Not all futures projects will allow you to run the full range of techniques — just know that you cannot do it all from the desktop. Get out and talk to people whenever you can. Stay engaged with people outside your local networks.

Your scoping of the scanning will also direct you down certain paths: targeted search vs an open search; conversations and focus on expert opinion vs crowd sourced opinion; official vs social media. Time horizons — 10, 20, or more years into the future?

Exploring trends in the drivers of change

A key bit of information that seems obvious when you are told it — trends become less reliable the further out you look. Weak signals that you might note now, could go anywhere in 20 years, but they still might be useful within the 5 year time frame. But you need to look for and find them first!
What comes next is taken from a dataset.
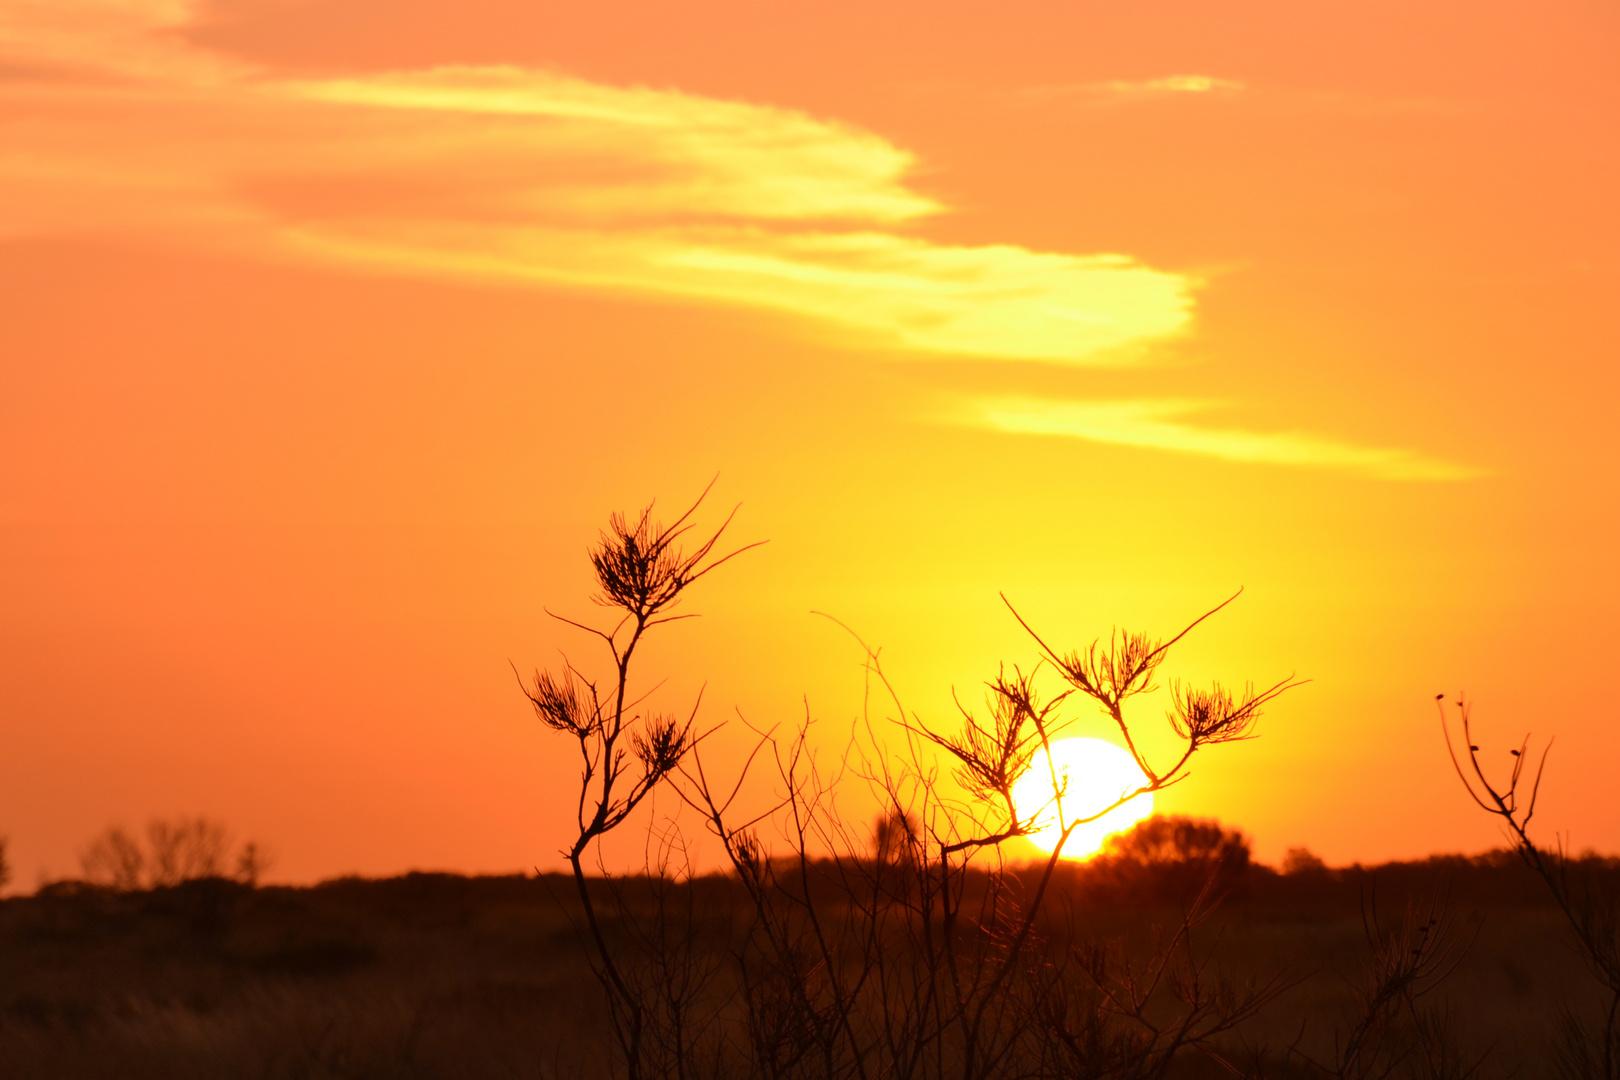 Sonnenaufgang im Kata Tjuta NP

There are interesting developments in the merging of predictive data analytics as an input to the foresight process, and we had an evening session discussing this. Methods and practice are just starting to develop around this, but in my view this is just another way of trying to identify ‘signals’. It has the advantage of providing insight from what is happening on the ground around you now. It also has the potential downside of drawing too much attention to signals that are close at hand, but not likely to have impact across or beyond a sector. It is something worth exploring if you have the time and resources.
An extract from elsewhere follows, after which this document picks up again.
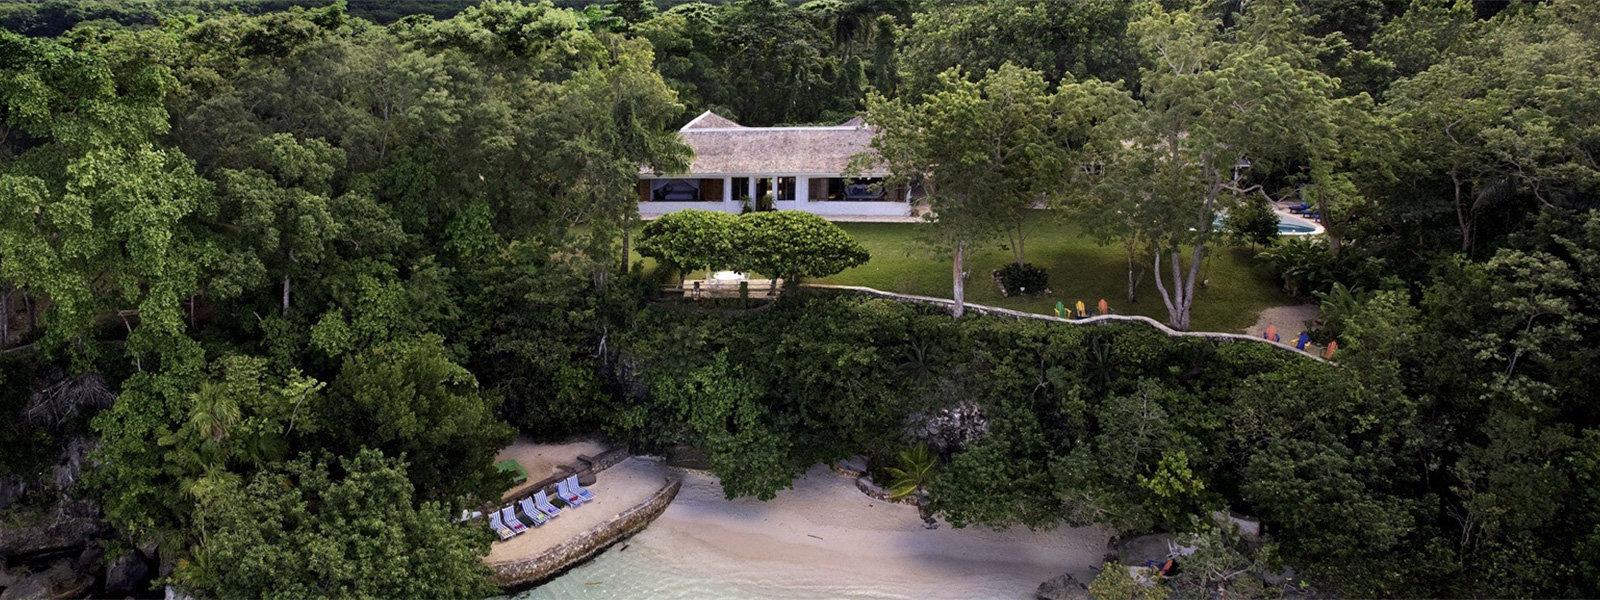 一张在牙买加黄金眼度假村拍摄的彩色照片。

For the UK health sector this has intriguing potential in being able to connect Population Health Management and its nascent data science capability with the practice of foresighting for truly supercharging strategic capability. For discussion in another blog I think!

Generating alternative images of the future — Scenario methods

Scenario development is particularly useful when one or more of the following is happening:

  1. accelerating technological change
  2. increasing complexity
  3. genuine uncertainty

Scenarios might be considered to be ‘pathways’ to get from ‘facts’ you might have at hand today to ‘the future’ you want to explore. Interestingly, it was suggested that this pathway isn’t about the future. There are many possible futures (as far as we know); rather this pathway is about shaping or creating a future, something we can work with in the ‘here and now’. It is a learning by doing process.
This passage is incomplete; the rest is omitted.